## PROBLEM REQUIREMENTS
Apart from the pictures, every line below is to be set down exactly.

## SOURCE MATERIAL
######

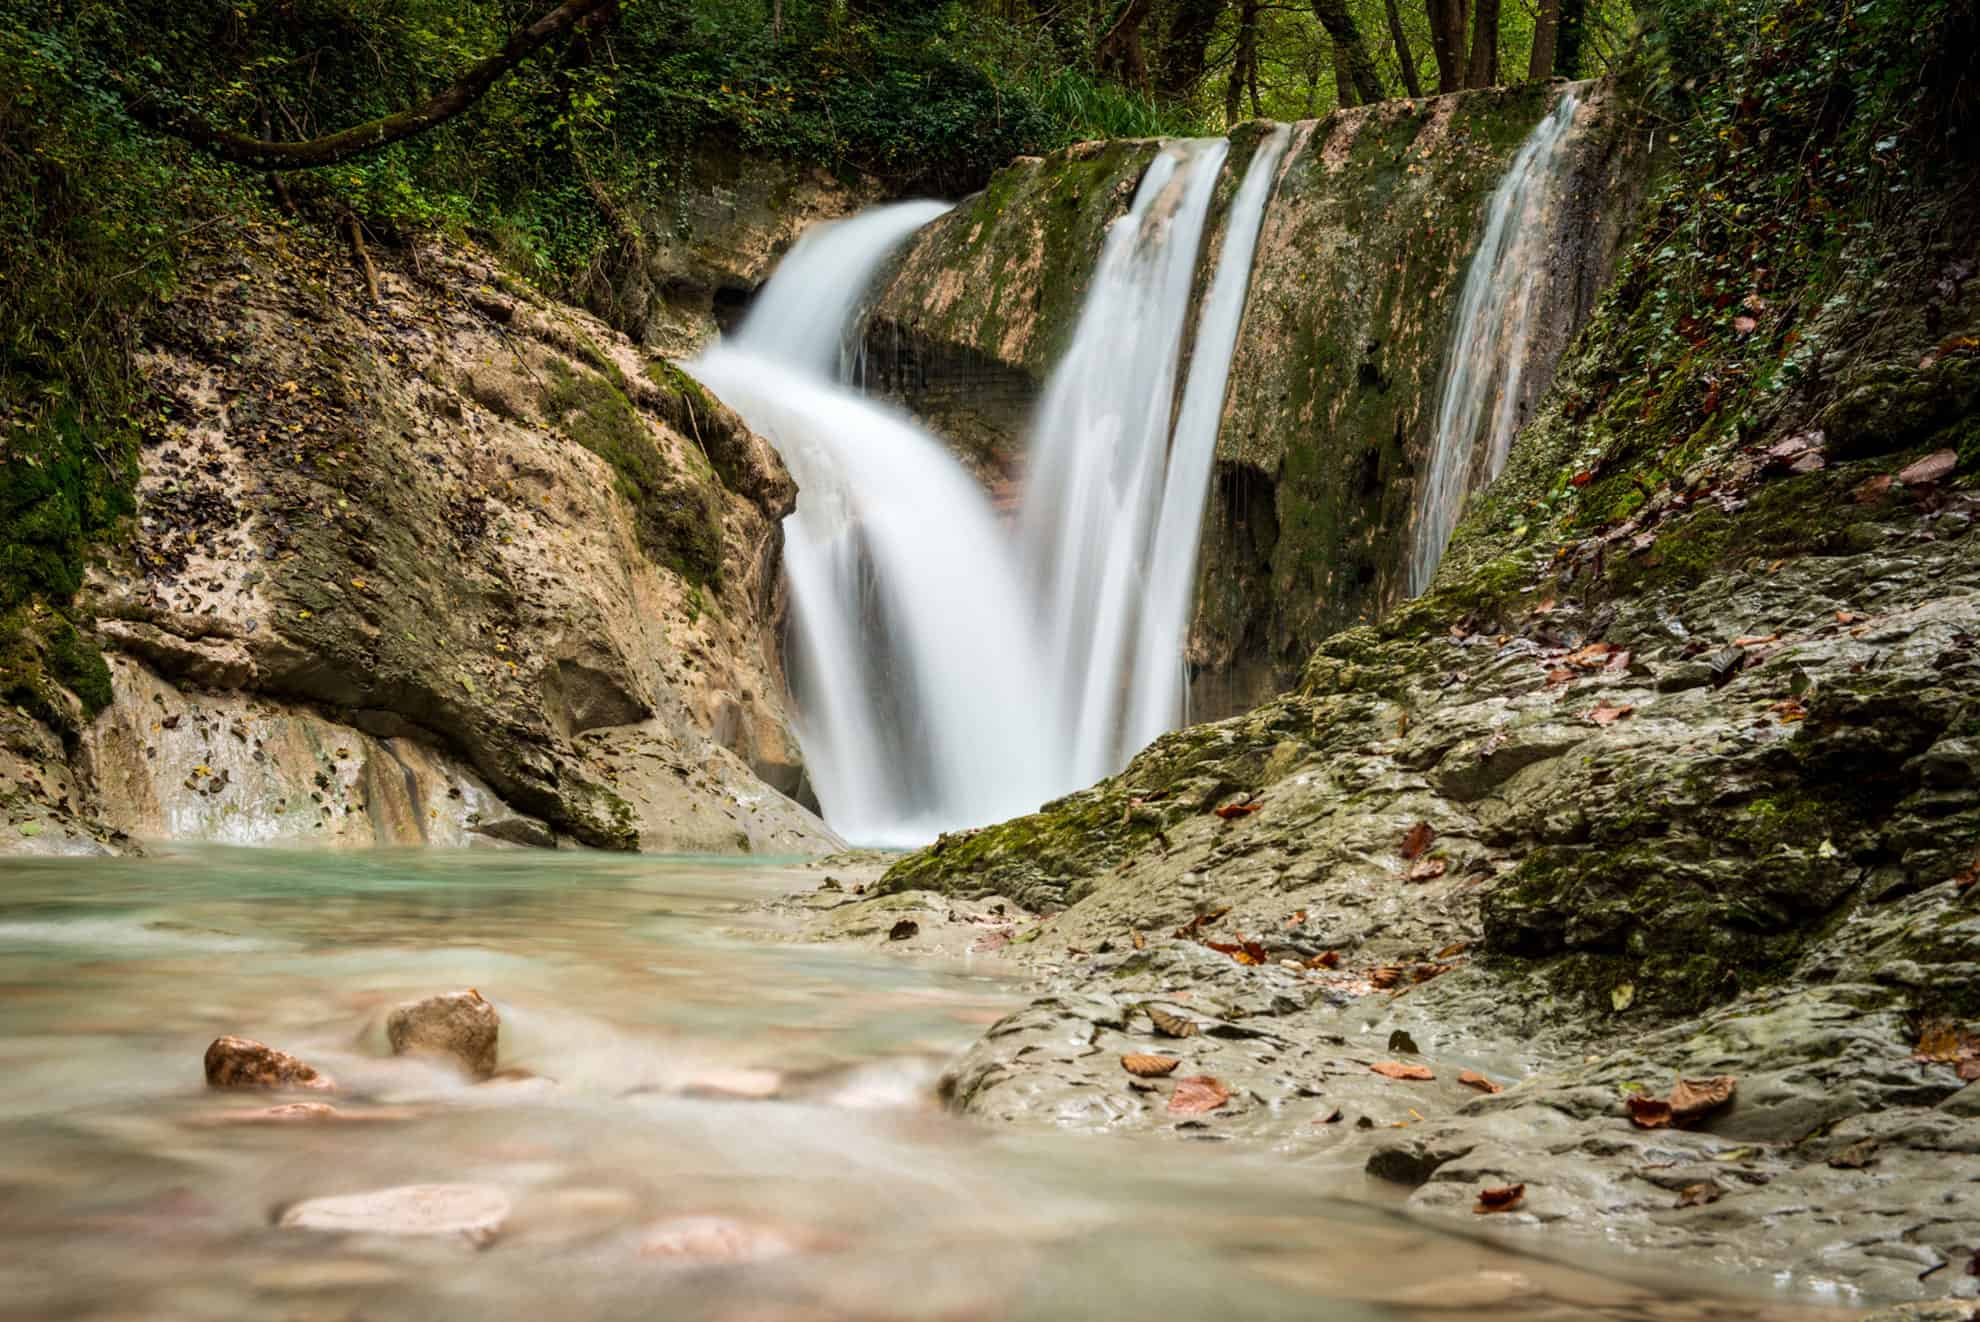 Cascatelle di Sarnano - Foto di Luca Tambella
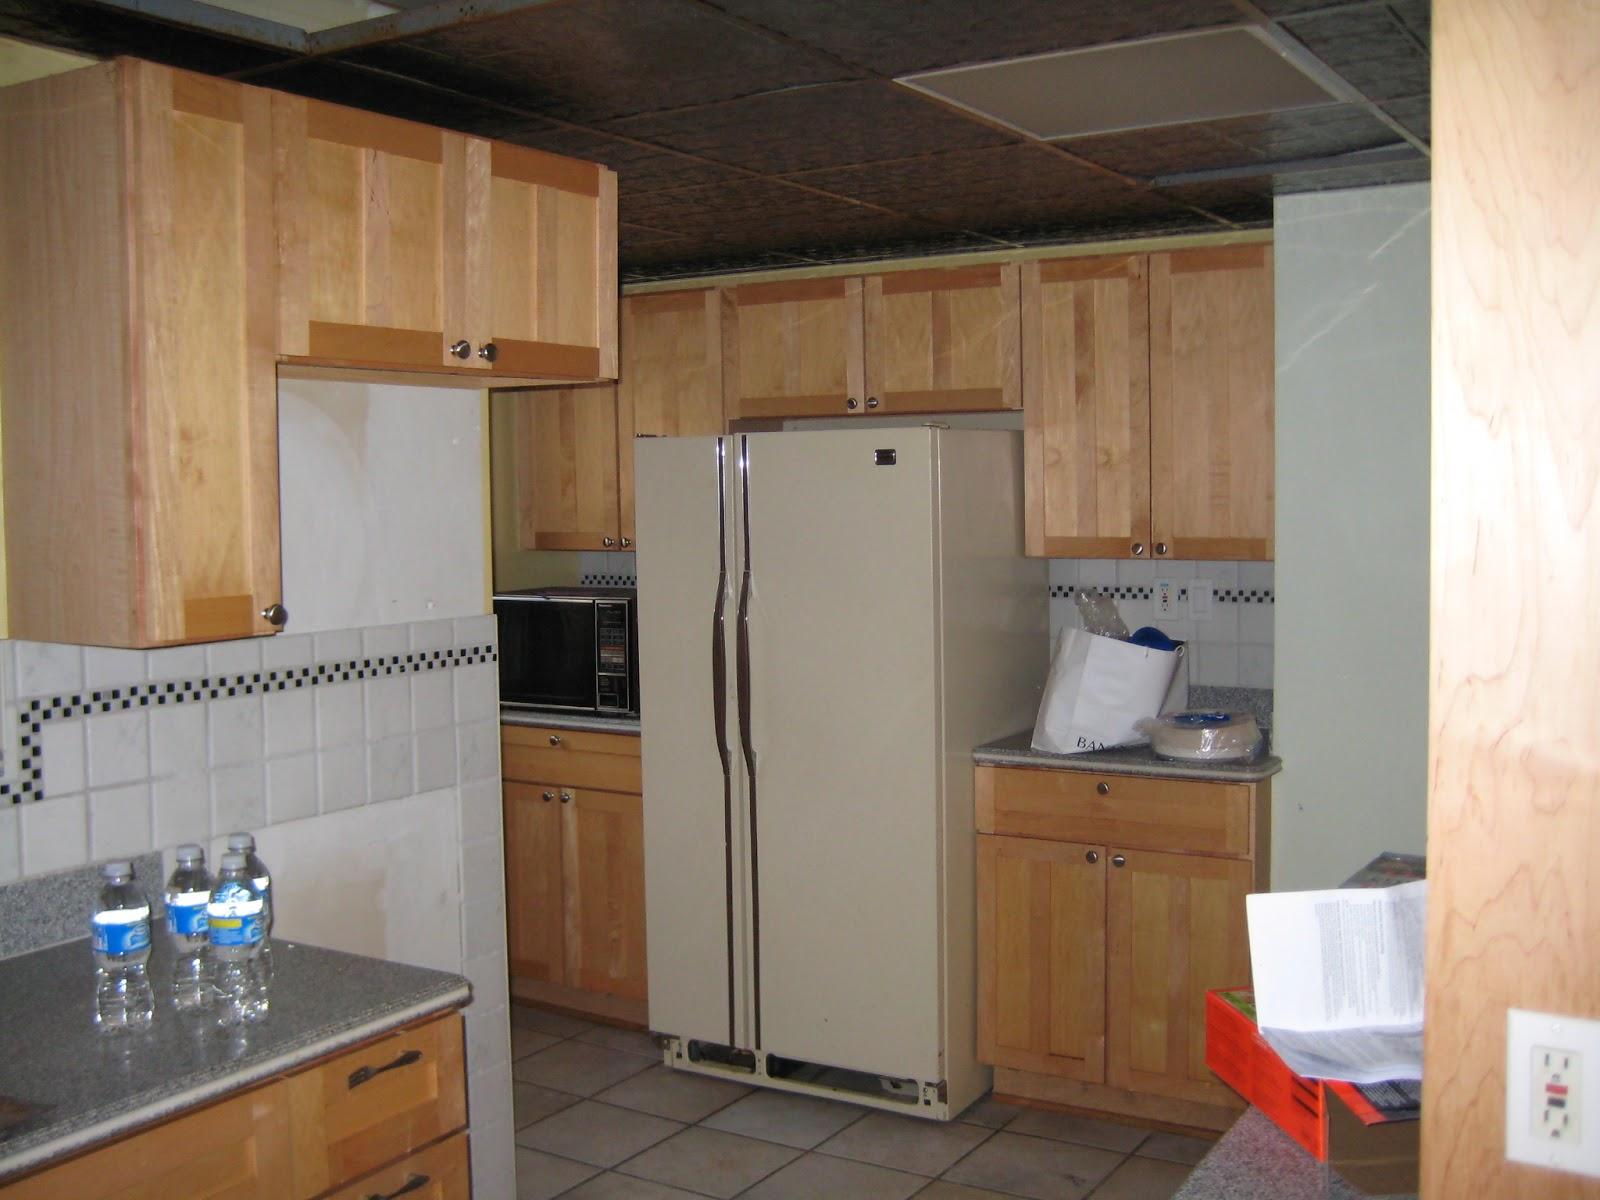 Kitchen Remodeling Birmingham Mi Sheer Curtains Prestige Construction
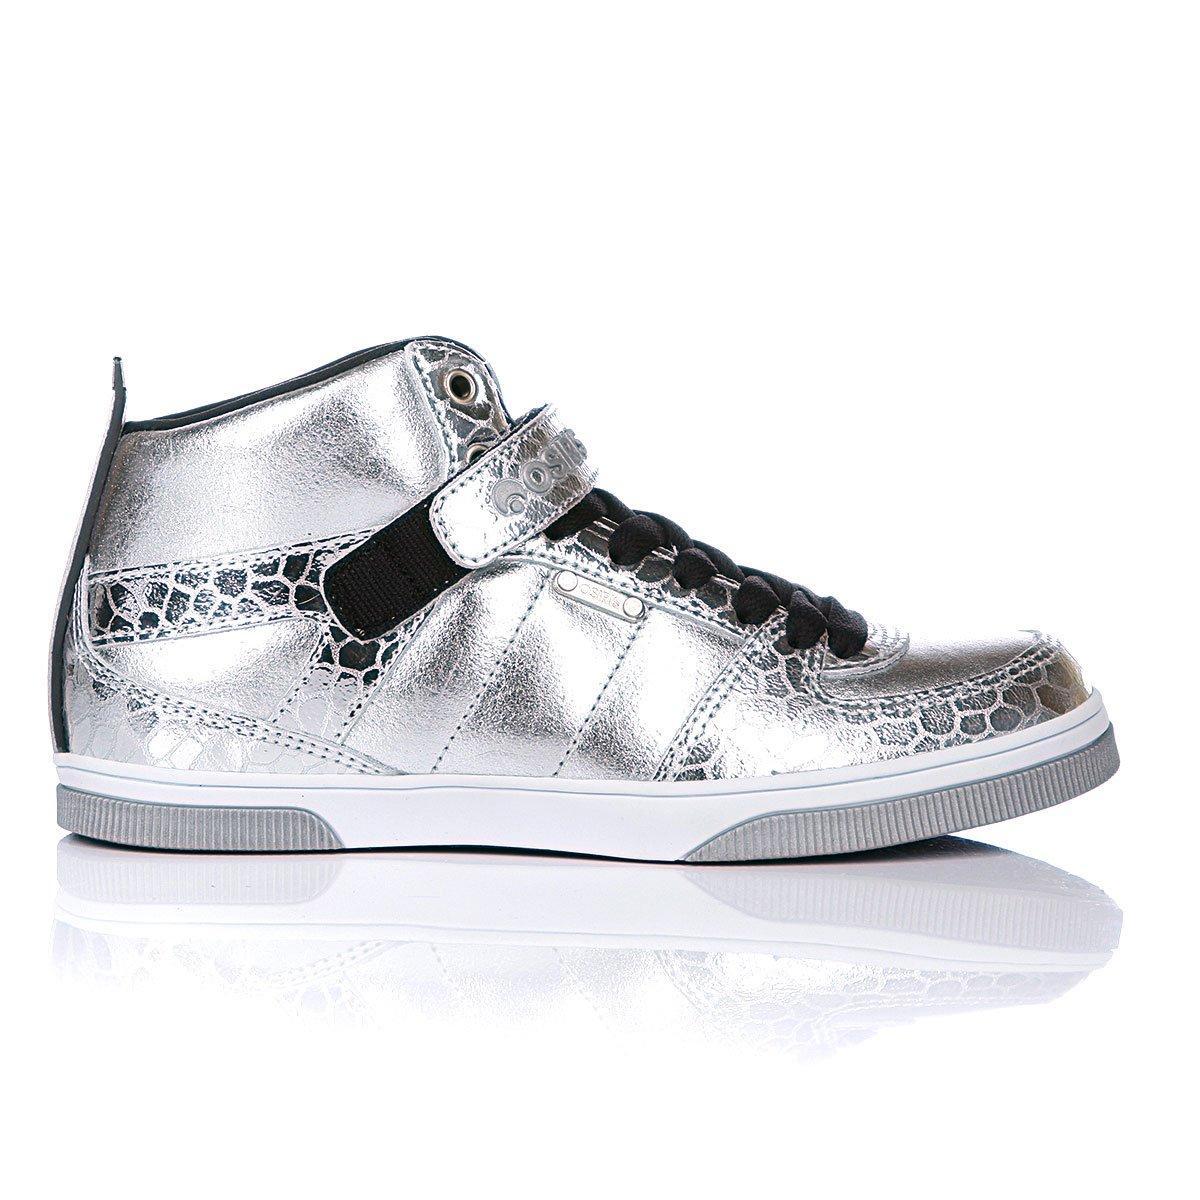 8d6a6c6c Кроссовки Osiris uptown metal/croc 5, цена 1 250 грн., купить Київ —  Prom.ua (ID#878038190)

######

## ANSWER AREA
 Cascatelle di Sarnano - Foto di Luca Tambella
 Kitchen Remodeling Birmingham Mi Sheer Curtains Prestige Construction
 8d6a6c6c Кроссовки Osiris uptown metal/croc 5, цена 1 250 грн., купить Київ —  Prom.ua (ID#878038190)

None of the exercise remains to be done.